The dark abyss may signify death. This may be physical death or some form of psychic death. There are times when the present ego has to be dissolved to make way for the next phase in the unfolding of a fuller, more positive self.

If you are convinced that the message of your dream has to do with physical death (and you should allow yourself to be thus convinced only after you have seriously and thoroughly considered possible metaphorical interpretations of ‘death’), do not rush to the conclusion that the dream is foretelling imminent death. Perhaps your dream is reminding you of the fact of death in order to give you a new perspective on your life - which could be liberating.

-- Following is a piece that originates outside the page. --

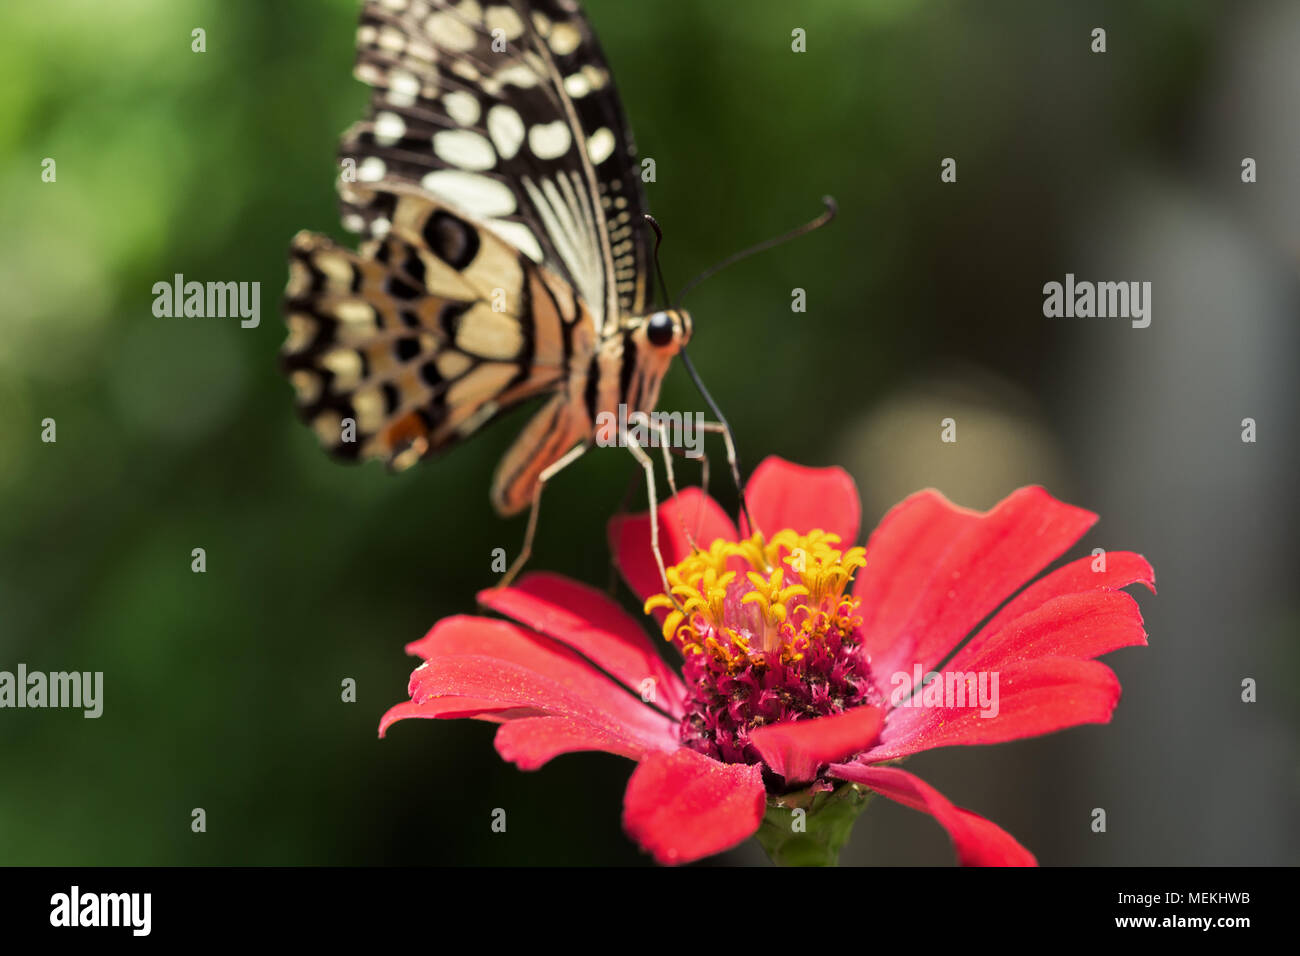 Papilio demoleus farfalla o a coda di rondine Butterfly, calce a coda di rondine e la bandiera a scacchi a coda di rondine. Close-up foto di farfalla di alimentazione su Zinnia Foto Stock

Strange as it may seem, the Abyss may represent a complete loss of control in one's waking life. The notion of "falling" into a place of no fixed reference can be devastating to the conscious mind which needs something, (some REASON to grasp,) to align itself with a perception of reality. The reason why the abyss appears so often in dreams is because dreams are the reflection of the Unconscious which is boundless, a natural terrain for the expression of the Infinite Self. However, we cannot dive too deeply into this Unconscious unless we are fully prepared for its eternal spiritual communication, like pearl divers, we need to delve far enough into this realm to find the immediate answers which we seek. Accordingly, positive associations of the abyss reflect our most complete individual freedom and a tearing away of ALL limiting parameters. We are experiencing a fearless step into the exhilarating unknown.


In both Greek and Latin "abyss" indicates something which is bottomless, a world of endless depth or height. In apocryphal writings it is a blanket term for all formless states of being. It can be equally well applied to the shapeless Chaos preceding time as to the shadowy Hell of the end of the world. But it may also indicate the ultimate act of unification, the so-called mystic marriage. The vertical lines are no longer those of descent, but of ascent. The abyss is as much topless as bottomless, one of joy and light as well as of misery and darkness. Historically, however, the sense of the abyss of Hell precedes that of Heaven.

In Sumerian folklore, the home of Enki, the Ruler of the World, floats upon the abyss, while, according to the Akkadians, it was Tiamat, the Mother of All Things, who brought forth monsters at its mouth.

In the Bible, too, the abyss is sometimes imagined as a monster, leviathan. However, in Psalm 104 the abyss is compared with a garment covering the Earth, while Jehovah "coverest [him]self with light as with a garment".

The abyss is to be found in all cosmogonies as the beginning and the end of an evolving universe. Like the monsters of myth, it swallows living beings only to regurgitate them transformed.

In dreams pleasant or nightmarish, the abyss conjures up the vast and powerful subconscious and is seen as an invitation to plumb the depths of the soul, to break its bonds and exorcise its ghosts.